13.             Nothing can quench our soul’s thirst . . . Except the water that flows from Jesus.  The Pentecost Good News! Jesus pours out from heaven his Holy Spirit. Jesus floods the world with his Good News. Jesus pours out his Spirit that we might trust him. Like a river, sparkling, fresh, life-giving water poured out on dead-dry bones, Jesus pours out his Spirit on us.  He does it with water! Baptismal water! Plain, earthly water, flooding over us with his powerful Word!  It’s the same as on that first Pentecost Day. These people, hearing Peter, were cut to the heart. “Our sins killed the Messiah! How can we be saved?” Peter told them, “Repent and be baptized.. . . You will receive the gift of the Holy Spirit” (Acts 2:38).
14.             Interestingly, this isn’t the first time Jesus has spoken about living water. Earlier, when Jesus conversed with the Samaritan woman at the well, He offered her living water (4:10).  In John 4:10, 10Jesus answered her, “If you knew the gift of God, and who it is that is saying to you, ‘Give me a drink,’ you would have asked him, and he would have given you living water.”  What was then said in private is now being proclaimed publicly. What was said in Samaria is now uttered in Jerusalem. In both cases there is a future harvest in view.

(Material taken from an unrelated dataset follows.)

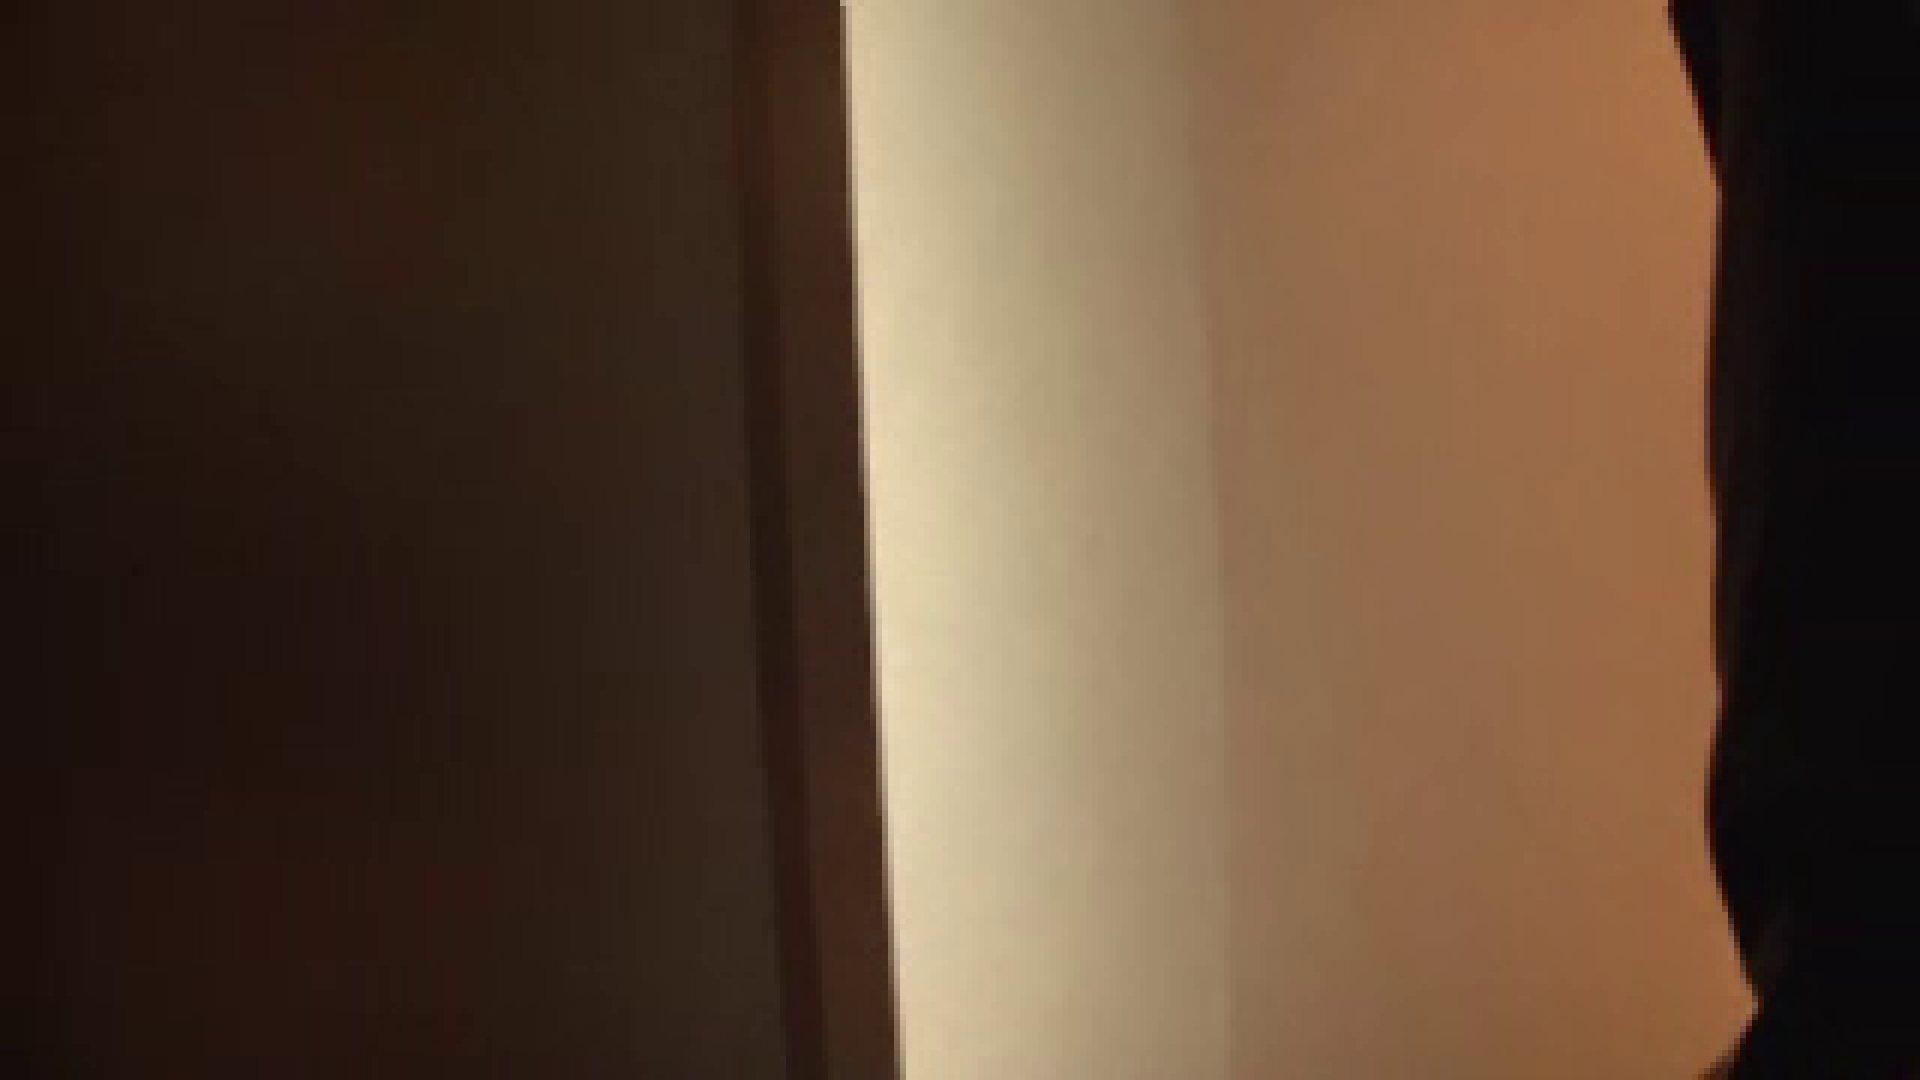 親友同士で競演 超美形のSEXパーティ Vol.05 エッチなOL おまんこ無修正動画無料 67pic 2

15.             With the Samaritan woman at the well, Jesus opens the eyes of His disciples to the field ready for harvest as the Samaritans from the town come to the well to greet them. With the people of Israel in Jerusalem, Jesus opens their eyes to a future harvest that will come when the Spirit is poured out at Pentecost.  In either case, there’s a stress on the living water of the Spirit. Yes, Pentecost celebrates the outreach of the Spirit to all nations, but first it celebrates the in-reach of the Spirit among those who believe. Whether they are in public or in private, whether they are an Israelite or a Samaritan, Jesus gives them living water, the gift of the Holy Spirit, from whom divine life will continue to flow.
16.             God’s love isn’t bound by our experiences of separation. Christ has borne our sin in crucified isolation so He might be our salvation in all places of life. He promises us the living water of His Spirit. His is an internal resource that never fails. 

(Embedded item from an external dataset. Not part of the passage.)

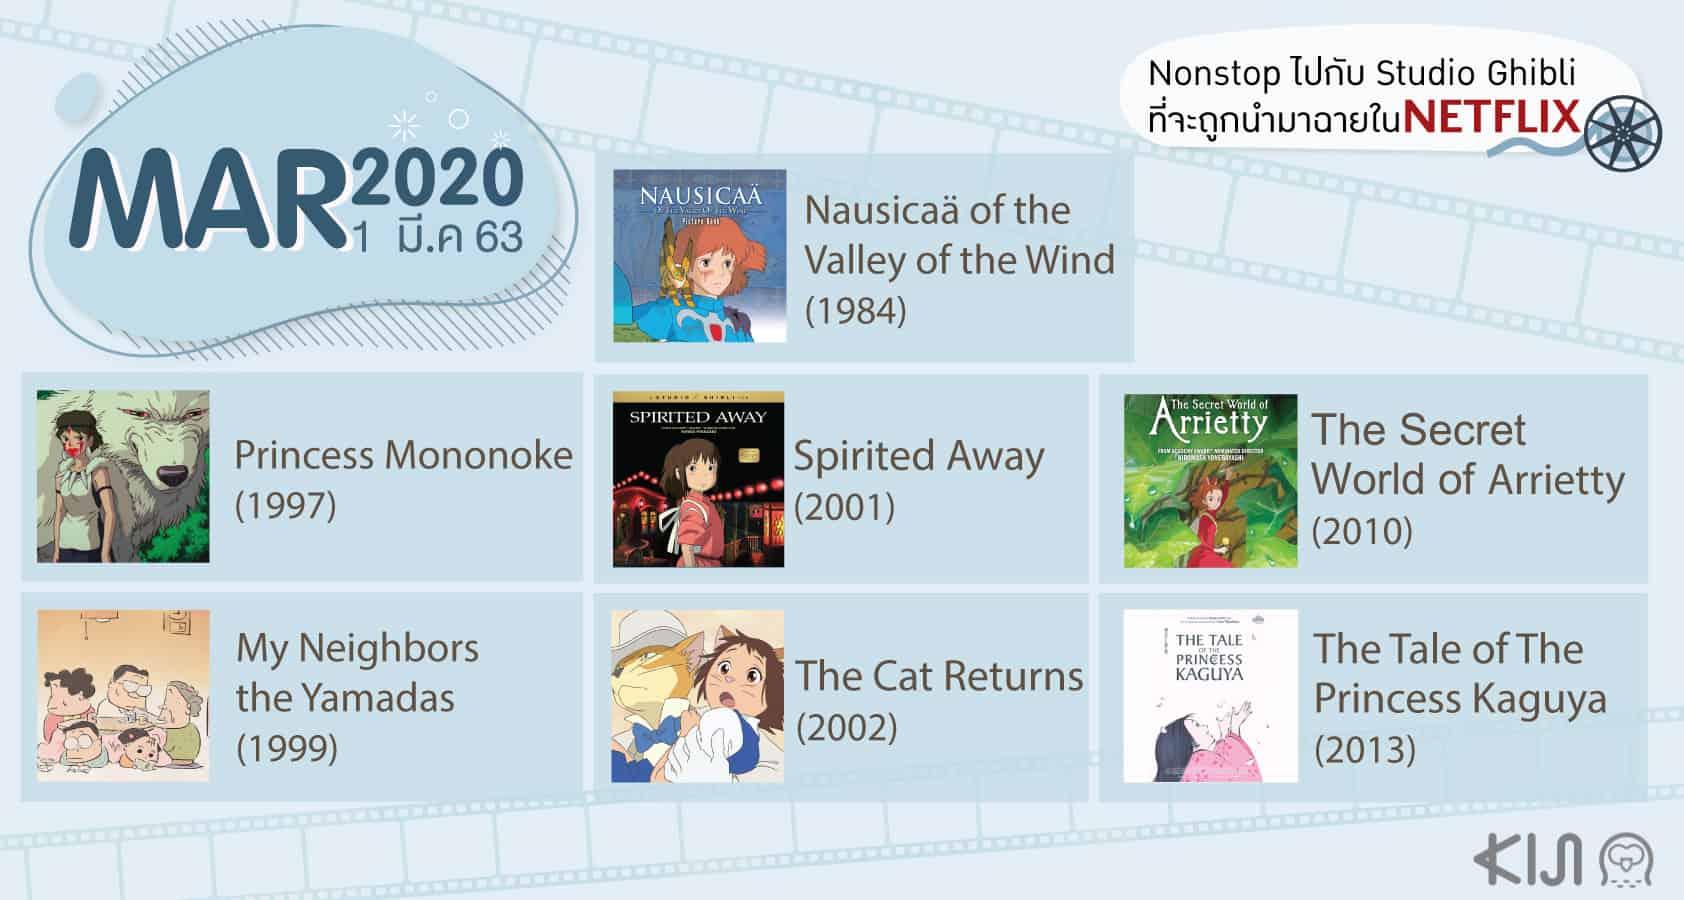 การ์ตูน Studio Ghibli ใน Netflix มีนาคม 2020

17.             Maybe during the Stay at Home Order, you found yourself drinking from the living water of this Spirit. The resources may have been old. A practice of family devotion long forgotten as the kids got older. A Bible reading plan you had not looked at in years. Deeper conversations with loved ones that led to deeper conversations with God. No matter how old, how unused, how forgotten, these ancient things are the source of living water. They continued to sustain you after all these years.  In your Baptism, Jesus promised you, “Whoever is thirsty . . . come to me and drink.” He provides streams of life-giving water that flood you with life. In him you are alive. His life and his love flow in us out from us to our world!  On this Pentecost Sunday we recognize that Jesus Christ is the source of the Spirit and that Spirit will never fail. Jesus offers us His promise of living water, the life of the Spirit, and that life flows from the heart of all who believe.  Amen.  Now the peace of God that passes all understanding guard your hearts and minds in Christ Jesus until life everlasting.  Amen.